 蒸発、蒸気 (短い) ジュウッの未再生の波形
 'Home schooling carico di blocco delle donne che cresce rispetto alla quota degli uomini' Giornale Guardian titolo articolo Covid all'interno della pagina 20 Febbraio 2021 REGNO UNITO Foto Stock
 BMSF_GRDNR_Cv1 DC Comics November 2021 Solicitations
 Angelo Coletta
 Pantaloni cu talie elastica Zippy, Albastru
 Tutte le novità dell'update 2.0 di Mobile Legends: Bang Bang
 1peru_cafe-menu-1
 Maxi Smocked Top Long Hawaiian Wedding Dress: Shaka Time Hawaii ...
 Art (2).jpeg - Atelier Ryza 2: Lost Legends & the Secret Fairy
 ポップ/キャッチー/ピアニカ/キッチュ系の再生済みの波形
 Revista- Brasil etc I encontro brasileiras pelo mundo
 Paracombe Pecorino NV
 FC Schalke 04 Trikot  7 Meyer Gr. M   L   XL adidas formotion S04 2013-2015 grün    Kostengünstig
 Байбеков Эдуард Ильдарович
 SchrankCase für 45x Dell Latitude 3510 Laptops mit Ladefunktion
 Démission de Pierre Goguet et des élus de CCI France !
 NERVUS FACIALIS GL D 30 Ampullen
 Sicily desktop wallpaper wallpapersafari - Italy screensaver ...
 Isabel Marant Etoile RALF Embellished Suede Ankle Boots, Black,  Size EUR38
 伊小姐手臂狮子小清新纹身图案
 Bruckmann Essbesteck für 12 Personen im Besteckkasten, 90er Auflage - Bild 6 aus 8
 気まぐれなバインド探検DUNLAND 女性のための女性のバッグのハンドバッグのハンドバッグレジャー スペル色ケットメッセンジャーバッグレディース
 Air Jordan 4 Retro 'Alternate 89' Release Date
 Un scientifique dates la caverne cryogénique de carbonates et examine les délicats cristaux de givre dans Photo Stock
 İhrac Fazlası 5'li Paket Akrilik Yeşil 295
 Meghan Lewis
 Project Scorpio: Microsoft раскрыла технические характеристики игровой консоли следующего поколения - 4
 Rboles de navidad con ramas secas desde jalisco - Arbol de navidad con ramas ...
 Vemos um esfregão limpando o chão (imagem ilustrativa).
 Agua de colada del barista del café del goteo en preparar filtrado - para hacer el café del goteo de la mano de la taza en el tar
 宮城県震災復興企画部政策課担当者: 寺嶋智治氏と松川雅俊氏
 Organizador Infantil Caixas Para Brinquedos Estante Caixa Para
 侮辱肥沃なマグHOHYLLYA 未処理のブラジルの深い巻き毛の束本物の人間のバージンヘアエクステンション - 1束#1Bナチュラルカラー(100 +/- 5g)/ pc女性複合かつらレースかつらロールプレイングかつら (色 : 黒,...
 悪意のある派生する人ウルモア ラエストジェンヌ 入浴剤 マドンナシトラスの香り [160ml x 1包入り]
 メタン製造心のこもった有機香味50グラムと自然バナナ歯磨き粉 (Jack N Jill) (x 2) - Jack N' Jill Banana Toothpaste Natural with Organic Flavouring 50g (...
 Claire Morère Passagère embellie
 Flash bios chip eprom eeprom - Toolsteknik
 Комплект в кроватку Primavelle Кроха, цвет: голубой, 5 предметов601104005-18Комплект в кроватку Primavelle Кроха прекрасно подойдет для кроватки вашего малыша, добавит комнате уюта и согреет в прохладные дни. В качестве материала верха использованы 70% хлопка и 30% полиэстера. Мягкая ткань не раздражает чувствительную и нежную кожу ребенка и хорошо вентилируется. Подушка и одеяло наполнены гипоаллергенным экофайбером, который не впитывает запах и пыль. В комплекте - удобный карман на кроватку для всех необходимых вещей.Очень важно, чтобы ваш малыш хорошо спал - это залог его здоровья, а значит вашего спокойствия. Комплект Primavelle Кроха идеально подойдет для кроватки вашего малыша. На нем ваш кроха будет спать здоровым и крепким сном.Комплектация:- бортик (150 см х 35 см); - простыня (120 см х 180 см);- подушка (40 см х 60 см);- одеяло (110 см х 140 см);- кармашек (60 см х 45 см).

> TASK PROMPT: From the records above, transcribe without alteration every line from the one with "Air Jordan 4" to the one with "Flash bios chip eprom eeprom - Toolsteknik", inclusive.

> EXERCISE RESPONSE:
 Air Jordan 4 Retro 'Alternate 89' Release Date
 Un scientifique dates la caverne cryogénique de carbonates et examine les délicats cristaux de givre dans Photo Stock
 İhrac Fazlası 5'li Paket Akrilik Yeşil 295
 Meghan Lewis
 Project Scorpio: Microsoft раскрыла технические характеристики игровой консоли следующего поколения - 4
 Rboles de navidad con ramas secas desde jalisco - Arbol de navidad con ramas ...
 Vemos um esfregão limpando o chão (imagem ilustrativa).
 Agua de colada del barista del café del goteo en preparar filtrado - para hacer el café del goteo de la mano de la taza en el tar
 宮城県震災復興企画部政策課担当者: 寺嶋智治氏と松川雅俊氏
 Organizador Infantil Caixas Para Brinquedos Estante Caixa Para
 侮辱肥沃なマグHOHYLLYA 未処理のブラジルの深い巻き毛の束本物の人間のバージンヘアエクステンション - 1束#1Bナチュラルカラー(100 +/- 5g)/ pc女性複合かつらレースかつらロールプレイングかつら (色 : 黒,...
 悪意のある派生する人ウルモア ラエストジェンヌ 入浴剤 マドンナシトラスの香り [160ml x 1包入り]
 メタン製造心のこもった有機香味50グラムと自然バナナ歯磨き粉 (Jack N Jill) (x 2) - Jack N' Jill Banana Toothpaste Natural with Organic Flavouring 50g (...
 Claire Morère Passagère embellie
 Flash bios chip eprom eeprom - Toolsteknik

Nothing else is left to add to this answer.